Wir haben das Glück, einfache Konzepte und zugehörige Nomenklaturen im chinesischen Kulturkreis, zu dem auch Japan, Korea, die Ryūkyū-Inseln und Vietnam gehören, und im persischen Kulturkreis, der im Bereich der Musik Einiges mit dem arabischen Kulturkreis gemeinsam und unter Anderem auch hellenistische Schriften als Ausgangspunkt verwendet hat, vorzufinden. Solche leicht verdaulichen und gleichzeitig genialen Konzepte kommen bei mir zum Einsatz, wenn sie das, was wir in der Musik machen, auf einfache Weise veranschaulichen können. Das Konzept selbst soll einprägsam sein. Keine Sorge, ich bin weder von Identitätspolitik noch von irgendeinem Nationalismus getrieben.
Ich lehre als Erstes die Methode, die Sanshin ohne Stimmgerät zu stimmen. Diese Methode, die mindestens 2600 Jahre alt ist und ungefähr zeitgleich im chinesischen und im hellenistischen Reich dokumentiert wurde, ist sehr einfach, da sie nur zwei Intervalle benötigt.
Und schon sind wir beim Konzept des Intervalls angelangt, dem «Abstand», der zwischen zwei Tönen liegt. In meinem Unterricht werden die Intervalle gesungen und auf dem Instrument gespielt und dabei das Gehör geschult. Dieses Training ist für alle unumgänglich, die noch nicht in ausreichendem Masse diesen Intervallen ausgesetzt waren und sie zum wiederholten Male praktizieren konnten.
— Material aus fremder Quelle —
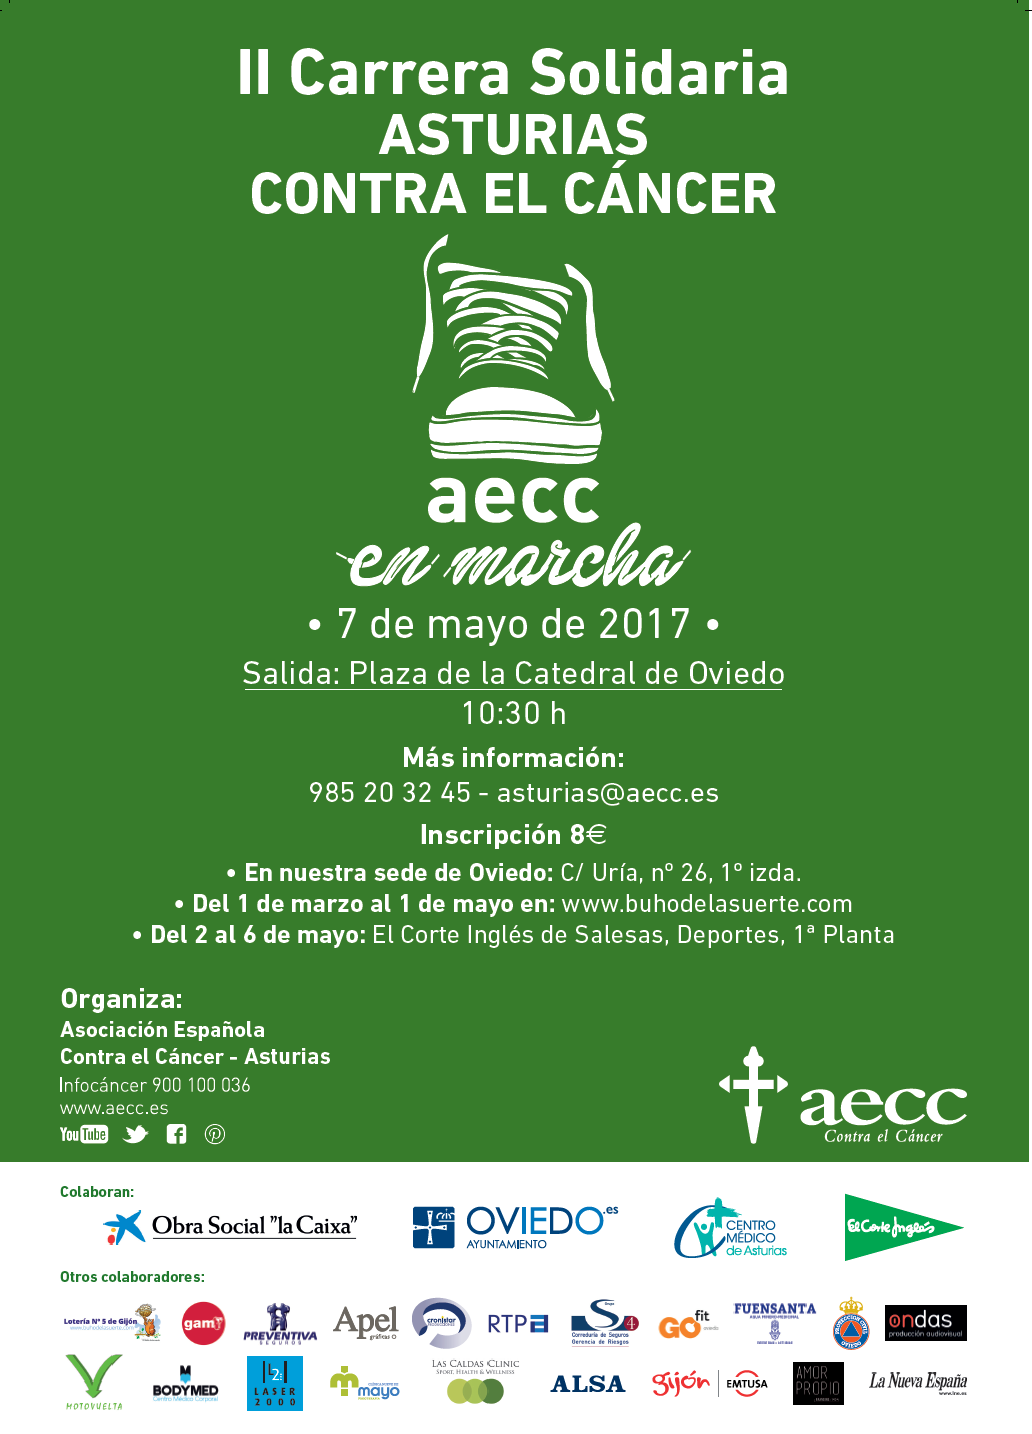 Carrera Solidaria Asturias Contra El Cáncer Aecc En Marcha 2017 Carreras Populares En Asturias La Nueva España

Die oben erwähnten zwei Intervalle folgen zum Glück dem physikalischen Gesetz der Harmonie und sind somit vom Gehör sehr leicht zu erkennen. Sie sind ausserdem die am leichtesten erkennbaren Intervalle, wenn zwei Töne gleichzeitig gespielt werden. Mit dem Aneinanderreihen dieser Intervalle stimmen wir das Instrument und generieren gleichzeitig ein Tonsystem, in dem vier weitere harmonische Intervalle auftauchen. Das so erhaltene Tonsystem ist weit verbreitet in der japanischen, koreanischen und chinesischen Musik.
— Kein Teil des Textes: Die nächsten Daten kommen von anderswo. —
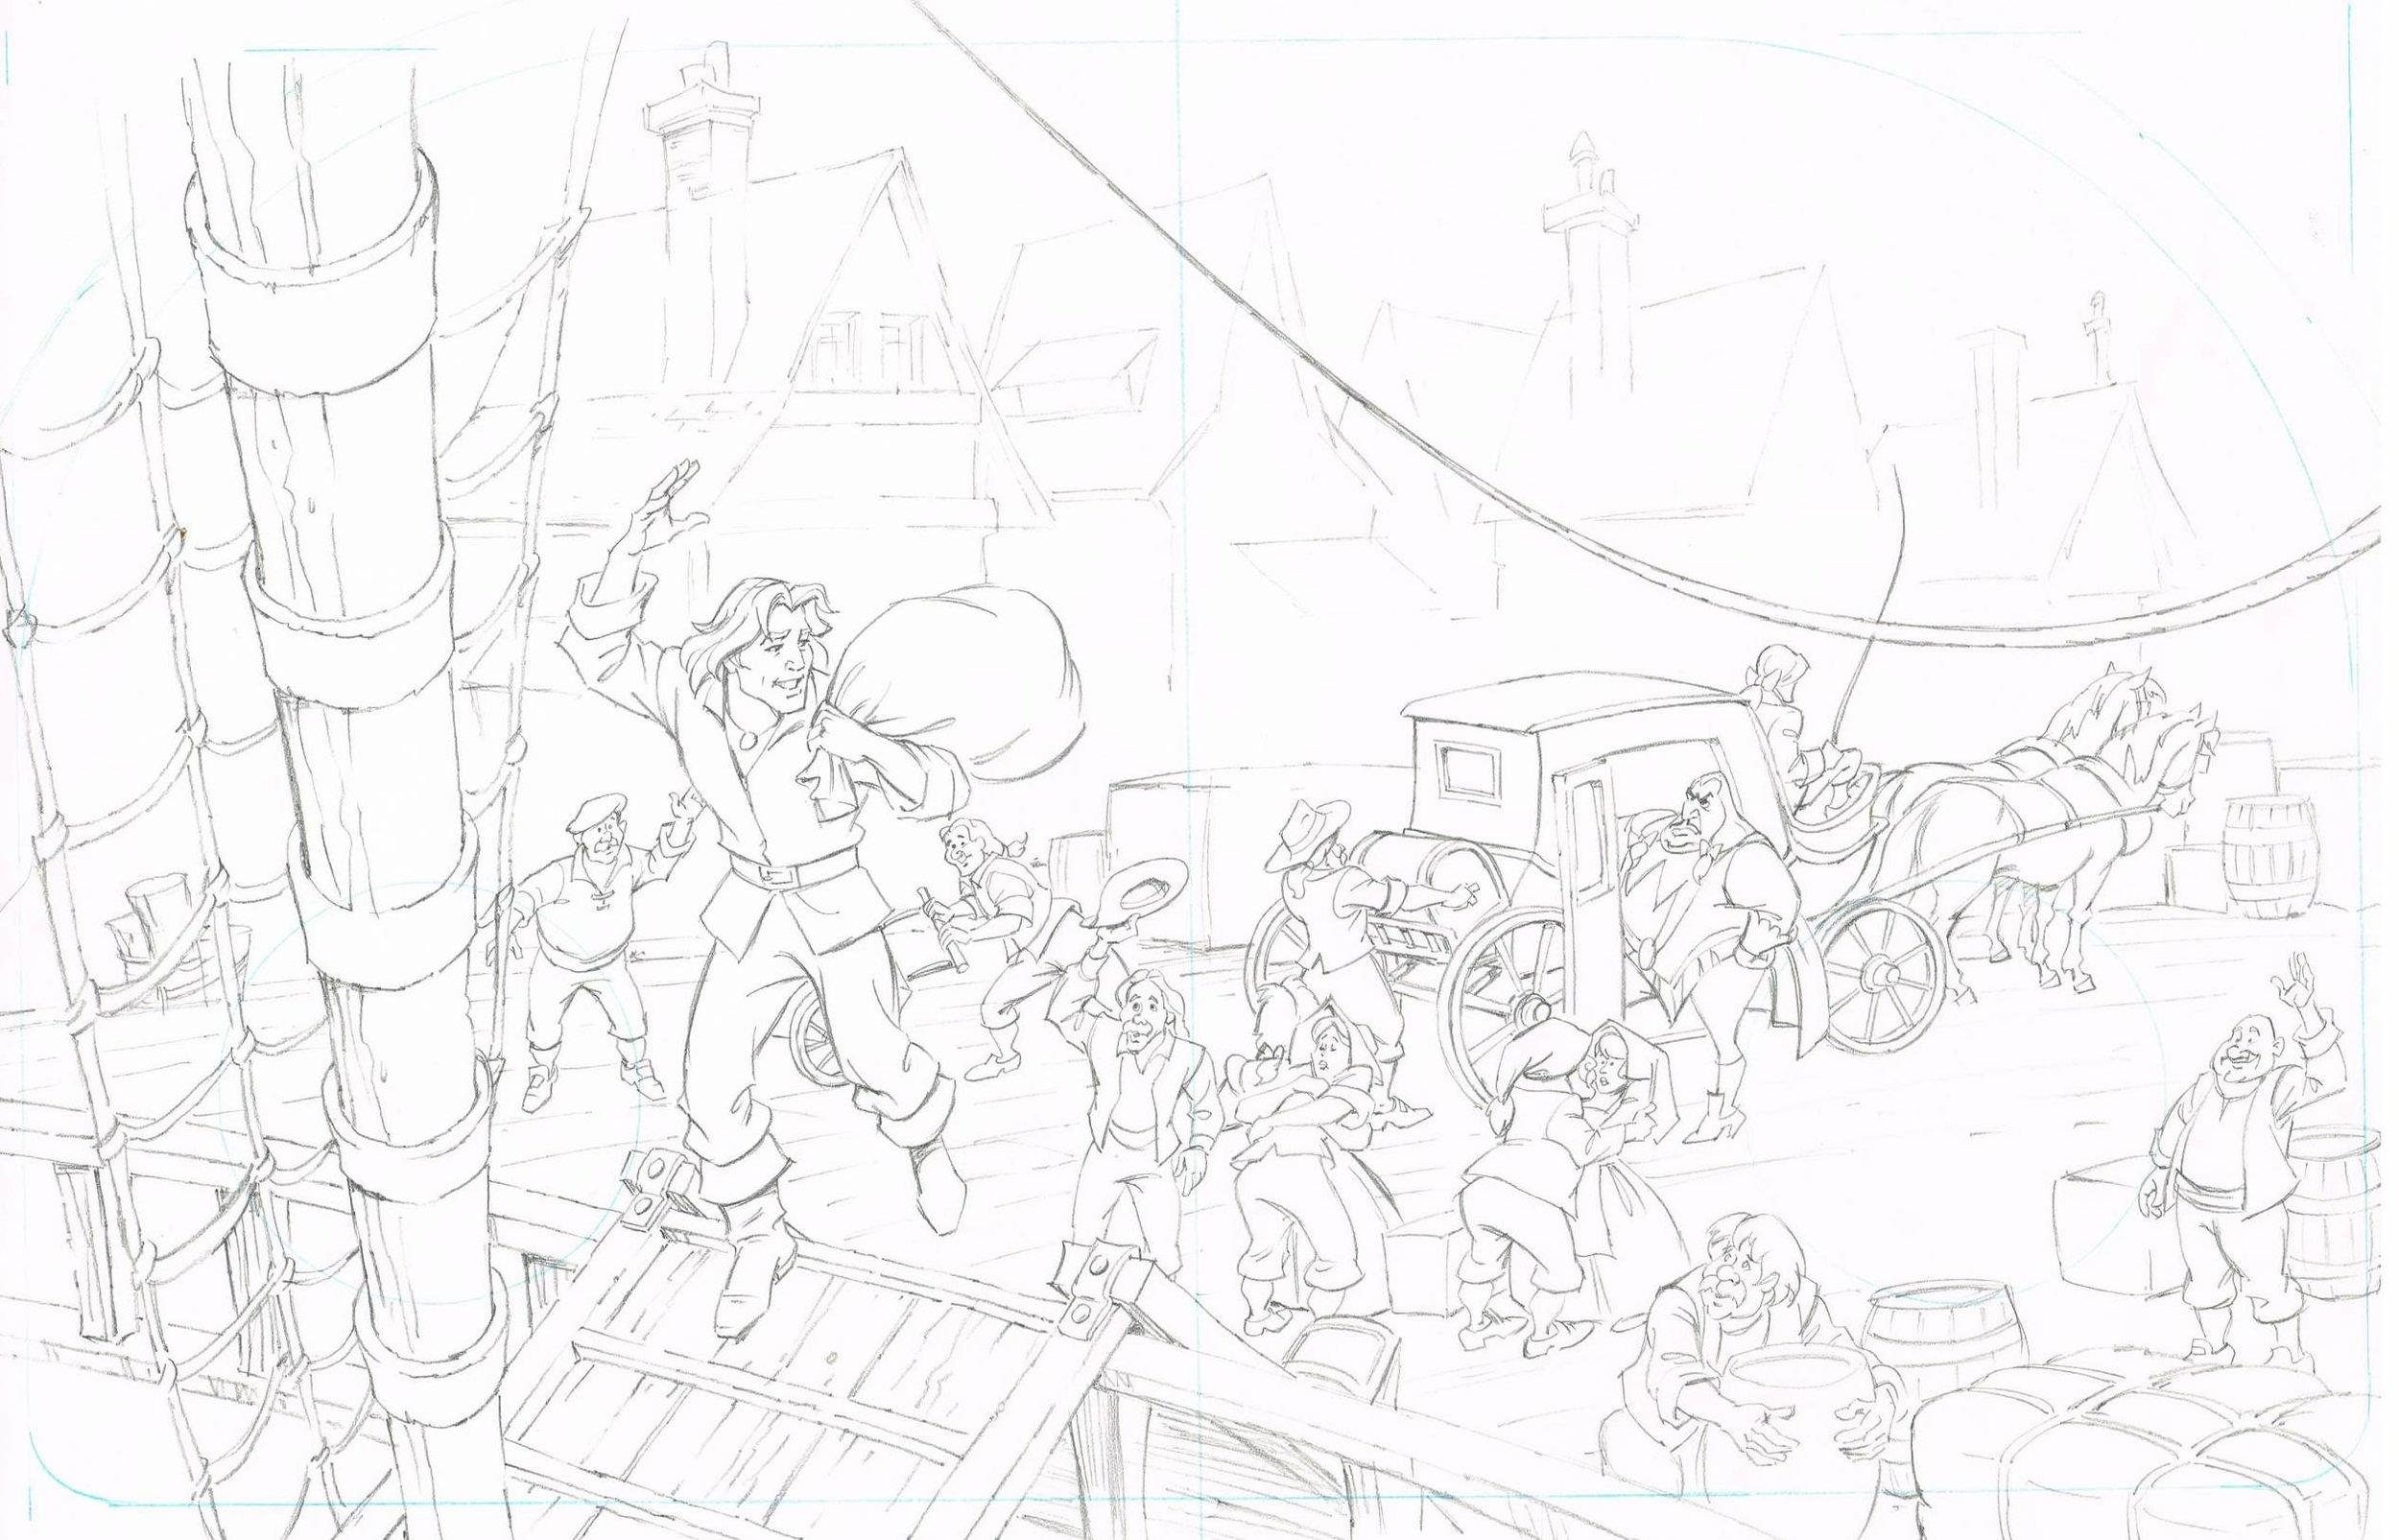 Original-Pocahontas-hand-drawn-concept-artwork-animation-cels-30519123-2560-1760.jpg

Wie z.B. in Korea bei der Taepeyongso sind auch auf den Ryūkyū-Inseln jedoch noch weitere Intervalle anzutreffen. Das Königreich Ryūkyū, das die Kultur auf den Ryūkyū-Inslen formte, war sehr aktiv im Handel zwischen dem südchinesischen Meer (Java, Philippinen etc.) und Korea / Japan. Ein kultureller Austausch mit diesen Regionen fand statt. Einige dieser Regionen wiederum waren über die Seidenstrasse sowie über die Handelrouten im indischen Ozean mit der persischen und später arabischen Kultur im Austausch. Somit ist nicht ausgeschlossen, dass Elemente aus den musikalischen Traditionen dieser Regionen oder gar aus Persien ihren Weg auf die Ryūkyū-Inseln fanden.
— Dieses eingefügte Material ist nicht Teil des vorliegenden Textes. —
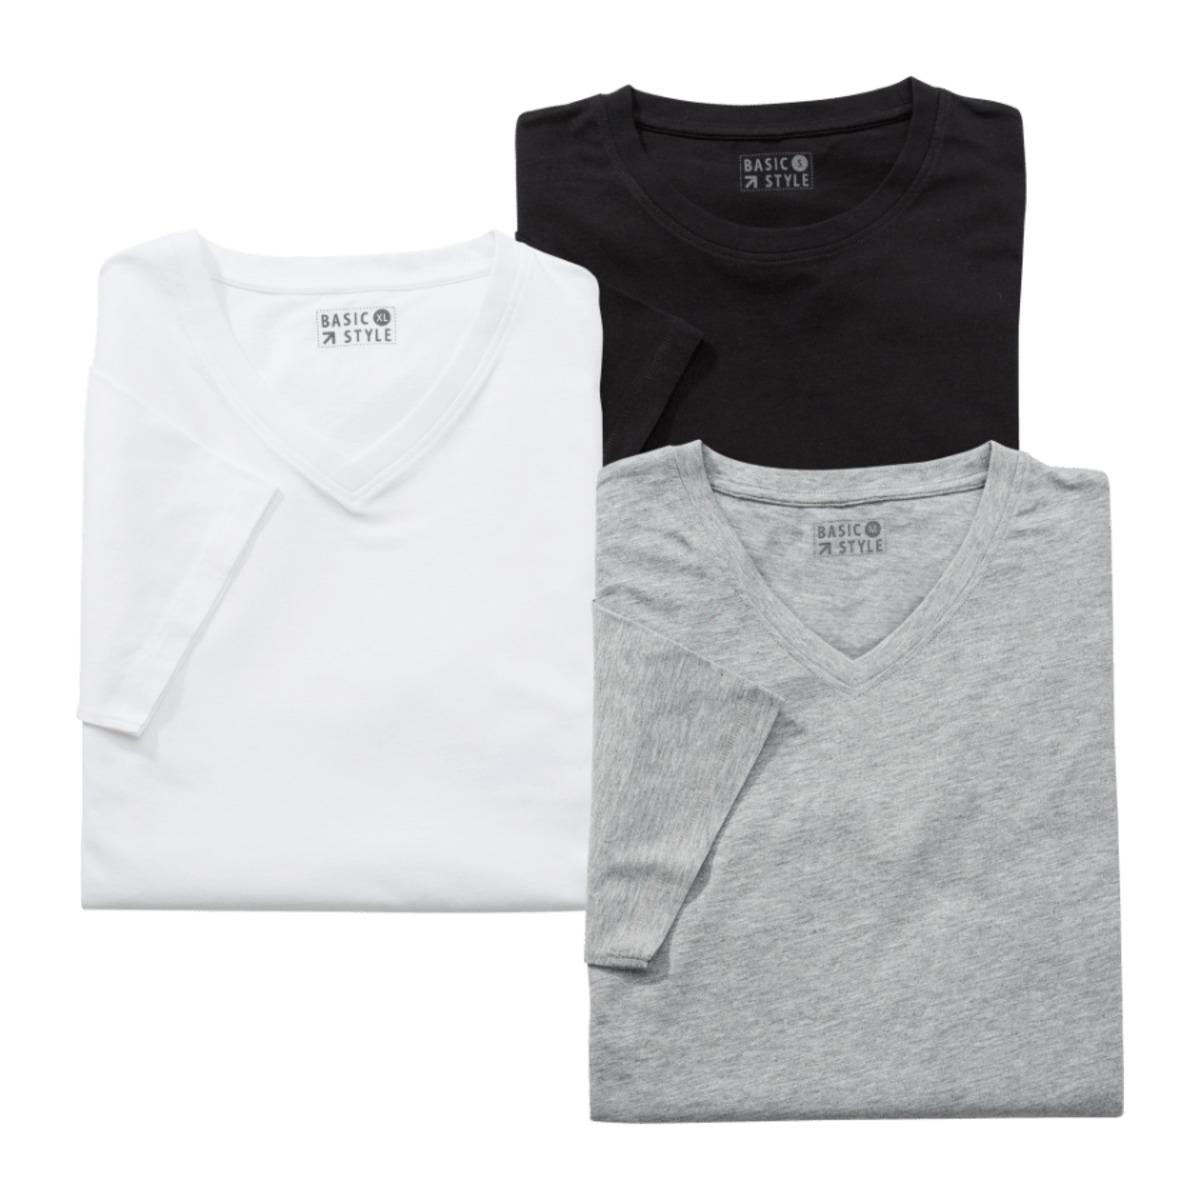 Bild 1 von STRAIGHT UP     T-Shirt Basic-Style

Die höfische Musik von Zentral-Java beispielsweise ist auffallend ähnlich wie die ryūkyūische. Oder die persische und arabische Tradition beispielsweise verwendet dasselbe Tonsystem wie die chinesische, nur dass es noch um zwei weitere Intervalle ergänzt ist. Diese regionalen Charakteristiken und vermutete Verbindungen zwischen ihnen zeige ich Interessierten im Unterricht anschaulich auf dem Instrument.
Durch diese Praxis und durchs Hören von repräsentativen Aufnahmen lernt die Schülerin und der Schüler bei mir, die sechs in ostasiatischer Musik vorkommenden harmonischen Intervalle wiederzugeben. Diese unterscheiden sich von denen, die man auf einem westlich gestimmten Piano oder einer Gitarre wiederfindet.
Als Nomenklatur für Intervalle sind mir jene gemäss westlicher und jene gemäss persisch-arabischer Tradition bekannt. Im Unterricht verwende ich für die vorkommenden Intervalle die persischen Namen, weil diese anschaulich und somit einfach merkbar sind. Sie bedeuten beispielsweise «Zeit», «das Vorwiegende», «Teil», «das Nachhallende», «Rest» etc. Dank der passenden Bedeutungen können sie gut mit dem jeweiligen Intervall assoziiert werden. Die korrespondierenden westlichen Namen, z.B. «perfekte Quinte» oder «pythagoräische kleine Terz», erwähne ich nur, wenn meine Schülerinnen und Schüler eine Vorbildung in westlicher Musiktheorie haben und die Nennung explizit wünschen. Diese westlichen Namen entsprechen nämlich einer lateinischen Nummerierung, welcher das Konzept einer Tonleiter unterliegt. Da asiatische Musik aber statt auf dem Konzept der Tonleiter auf Konzepten der Intervalle beruht, ist die Verwendung der westlichen Namen nicht passend und für Unkundige auch nicht hilfreich.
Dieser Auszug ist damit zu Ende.